Exercise prompt:
The whole listing that follows, pictures excepted, should be printed again exactly as given.

*** Supplied information ***

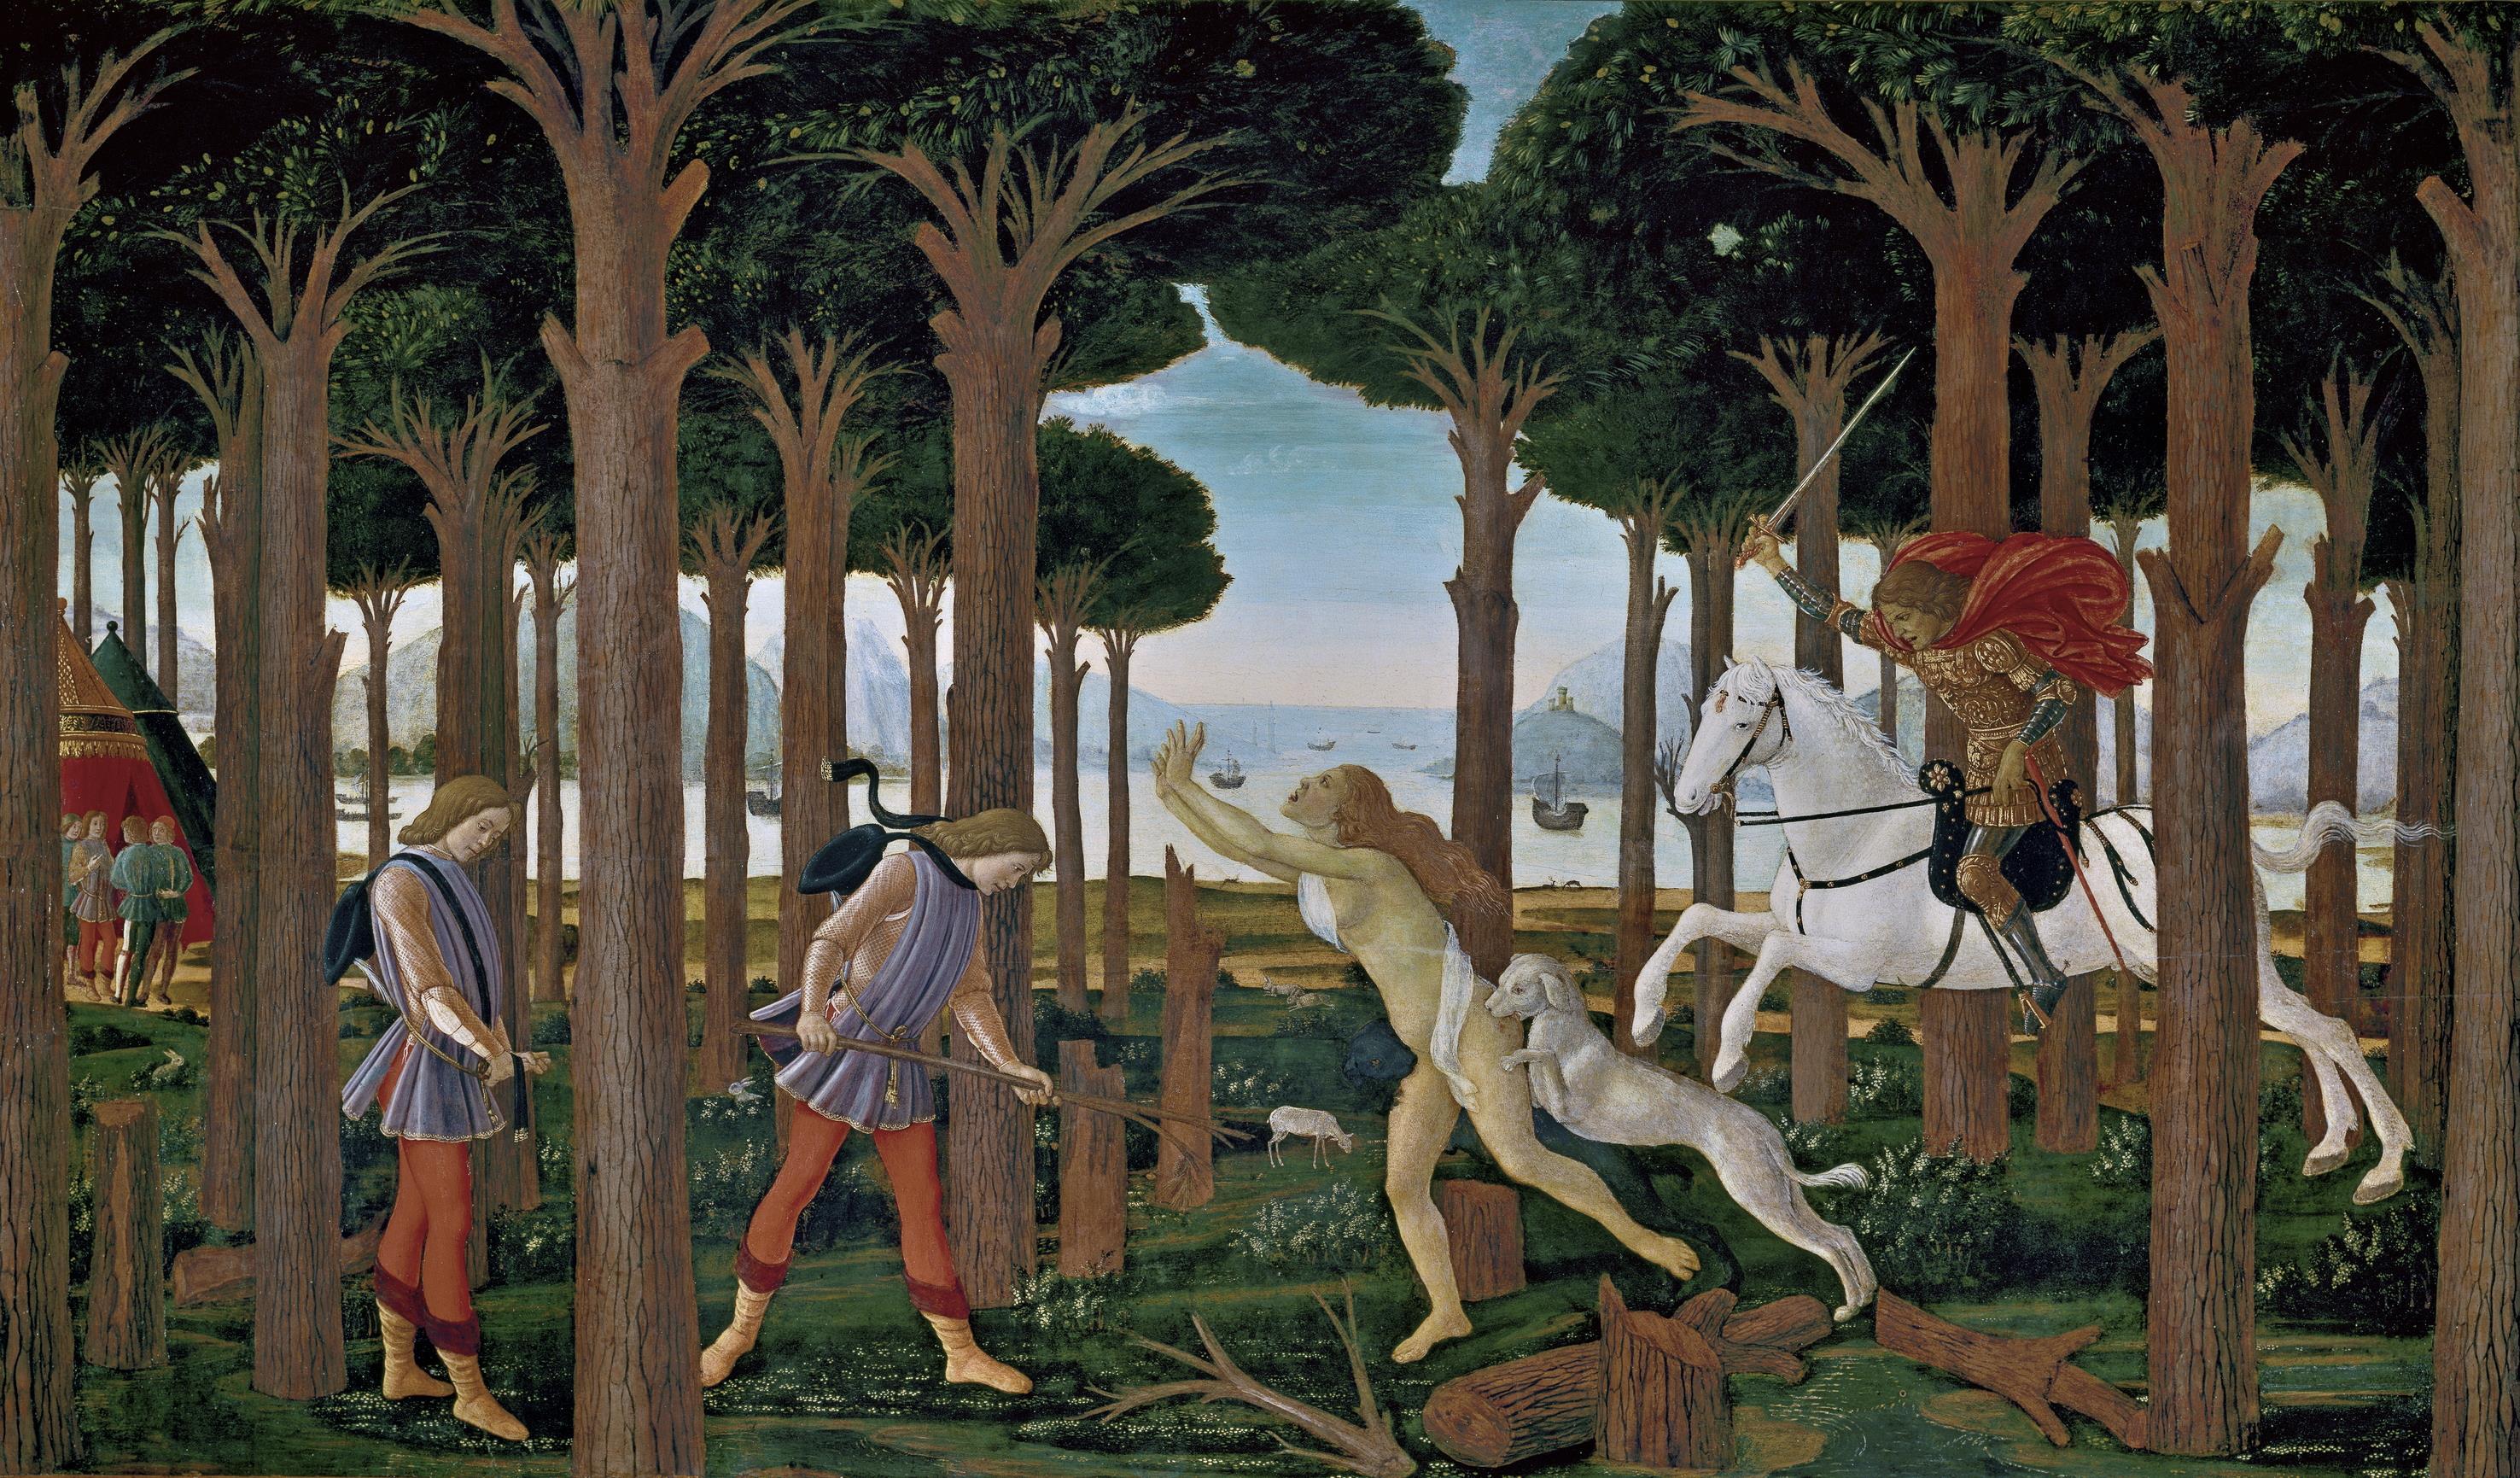 https://upload.wikimedia.org/wikipedia/commons/1/16/Botticelli_Prado_103.jpg
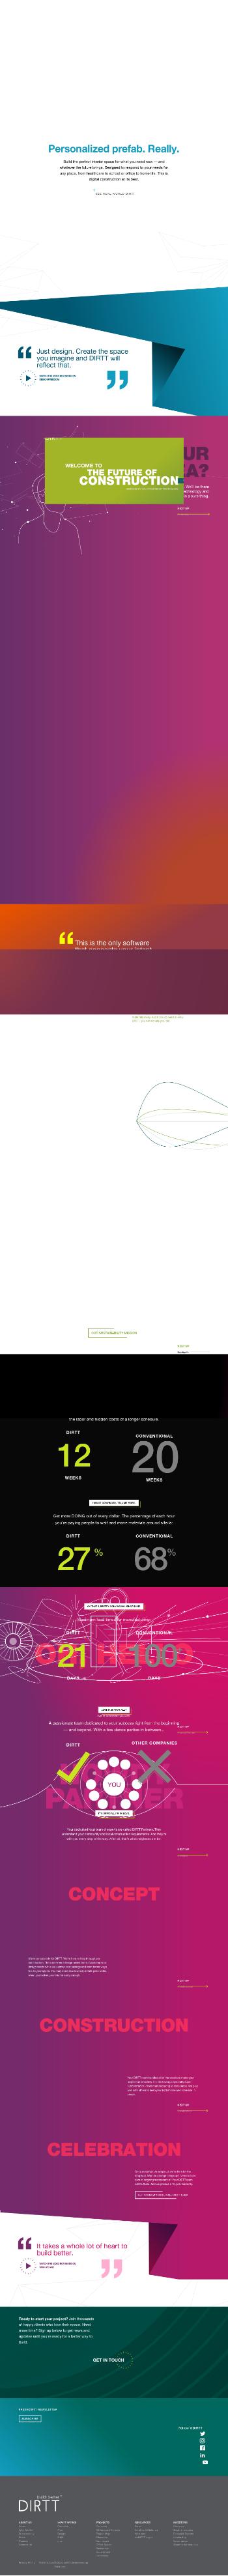 DIRTT Environmental Solutions Ltd. Website Screenshot
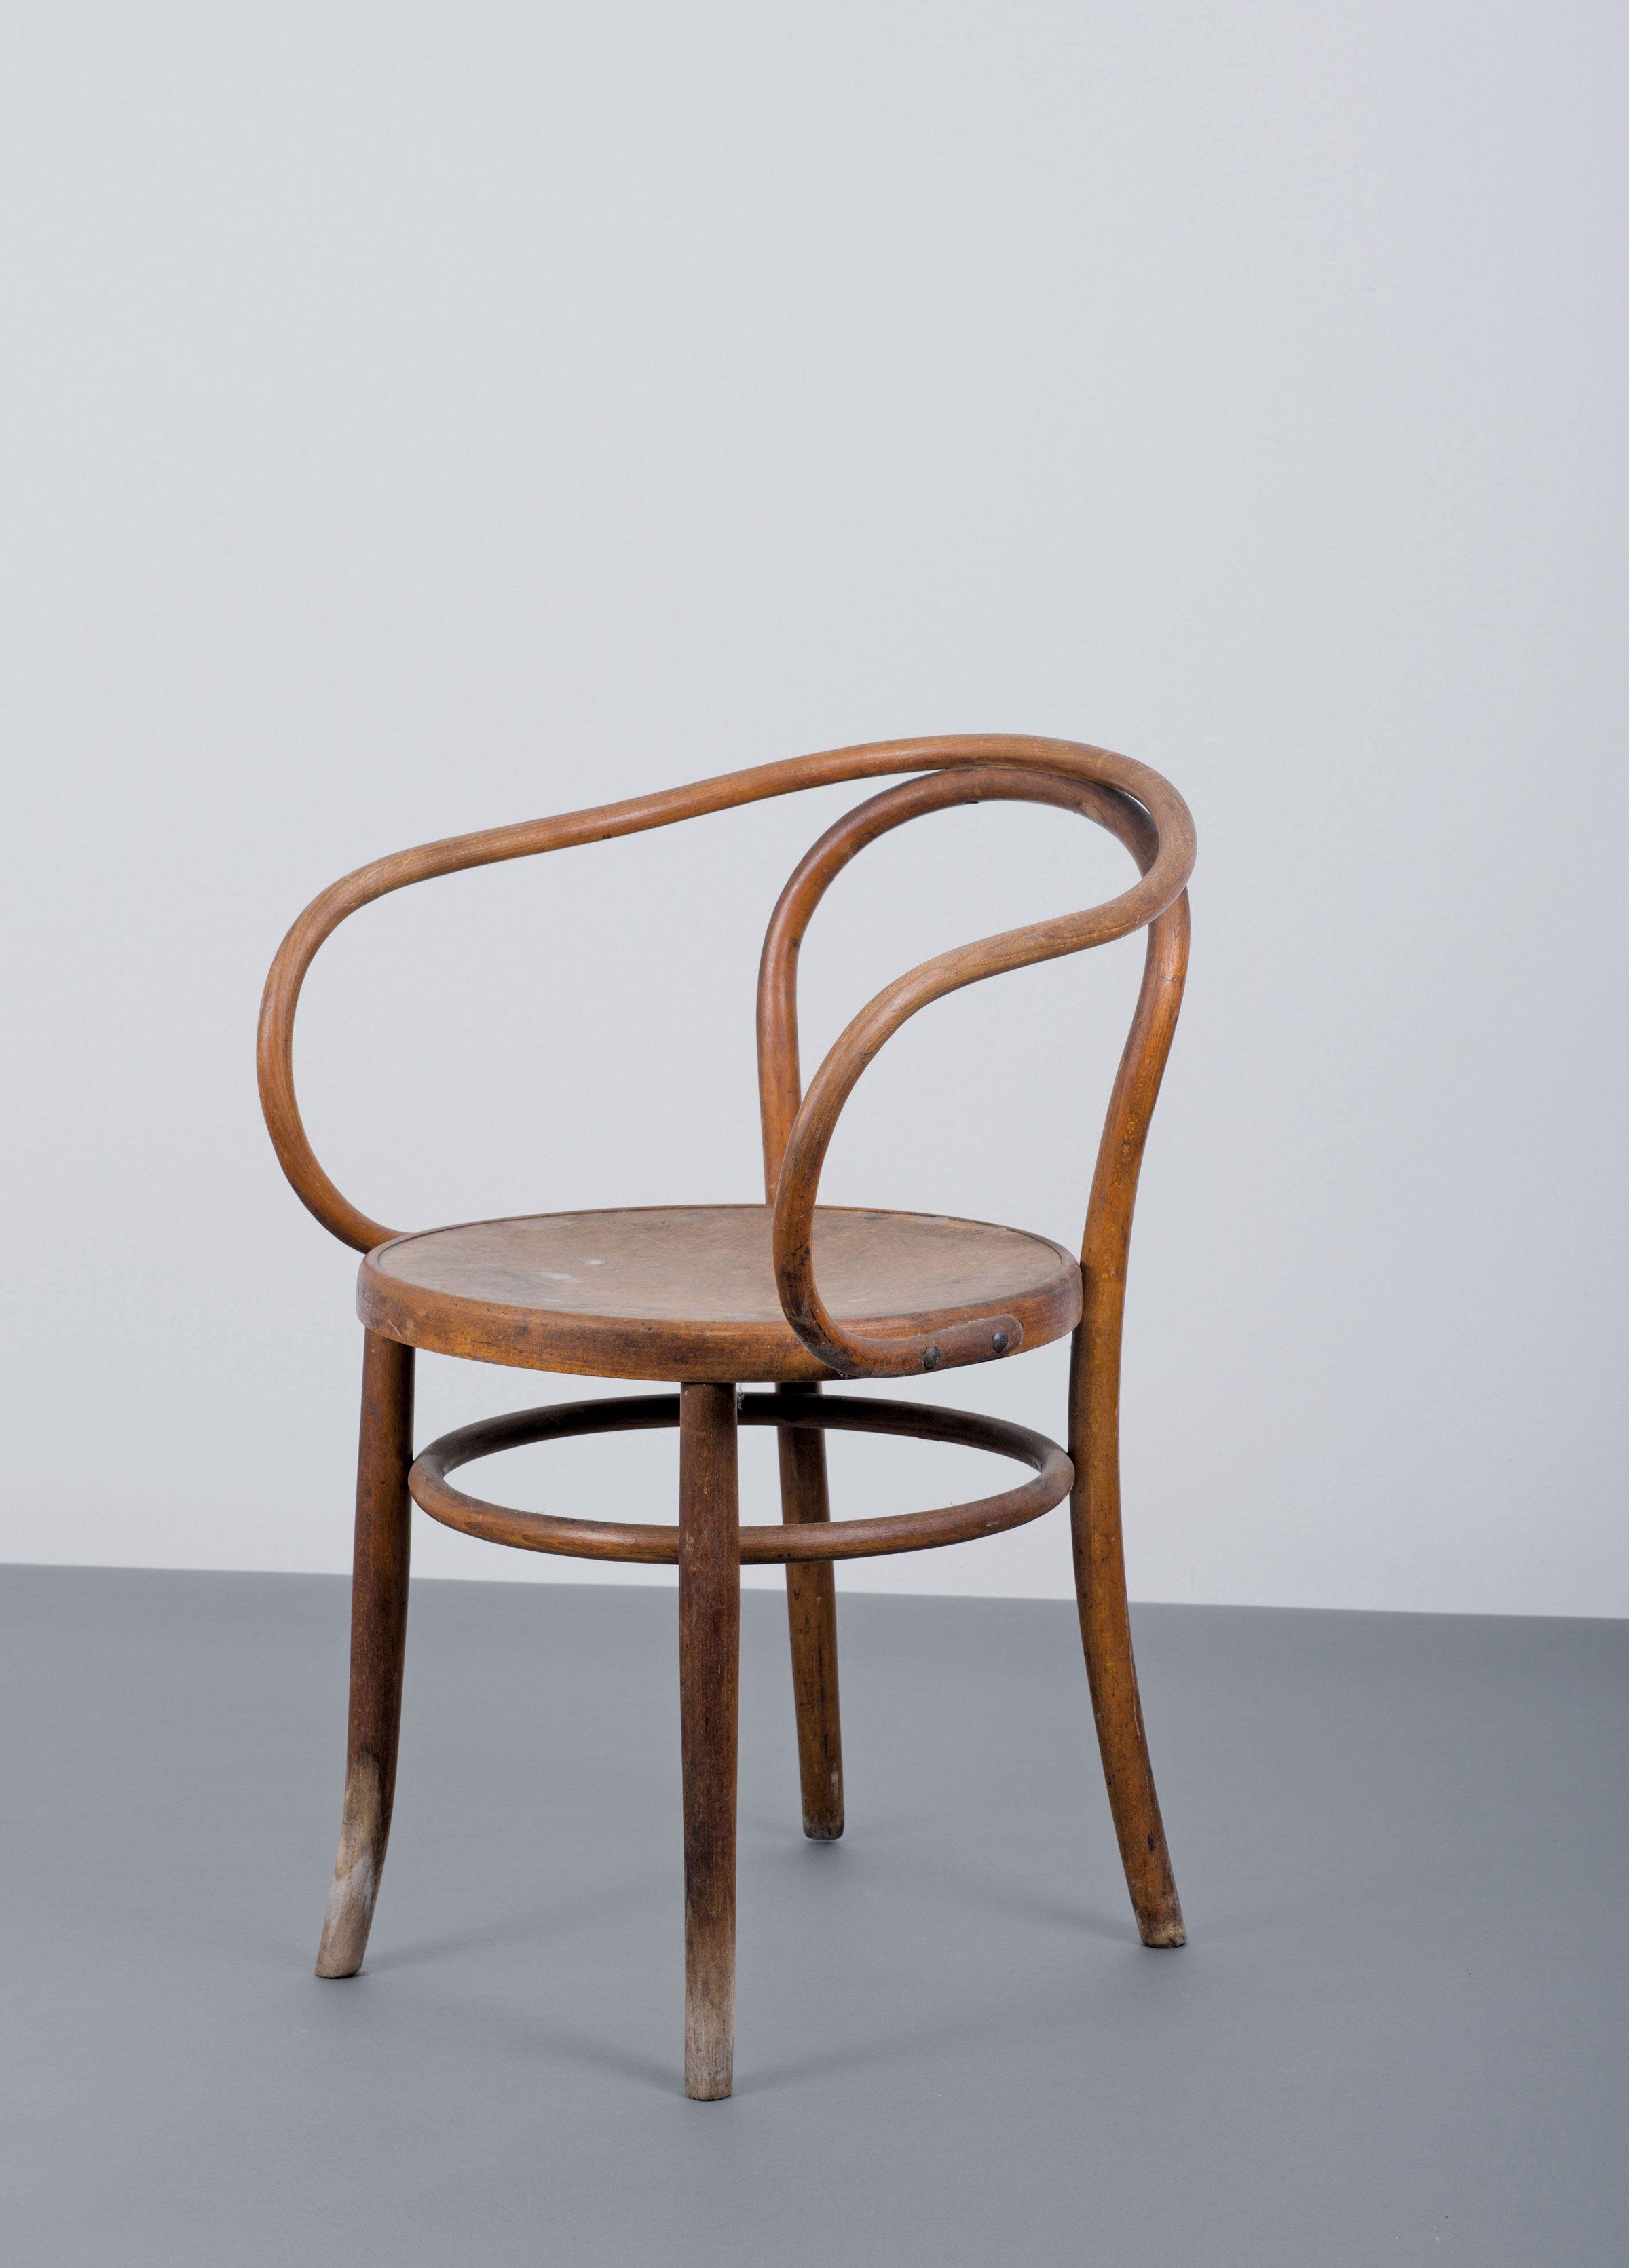 Thonet 209 Stuhl Design Stuhle

*** End of Supplied information ***

Reply to the exercise:
 https://upload.wikimedia.org/wikipedia/commons/1/16/Botticelli_Prado_103.jpg
 DIRTT Environmental Solutions Ltd. Website Screenshot
 Thonet 209 Stuhl Design Stuhle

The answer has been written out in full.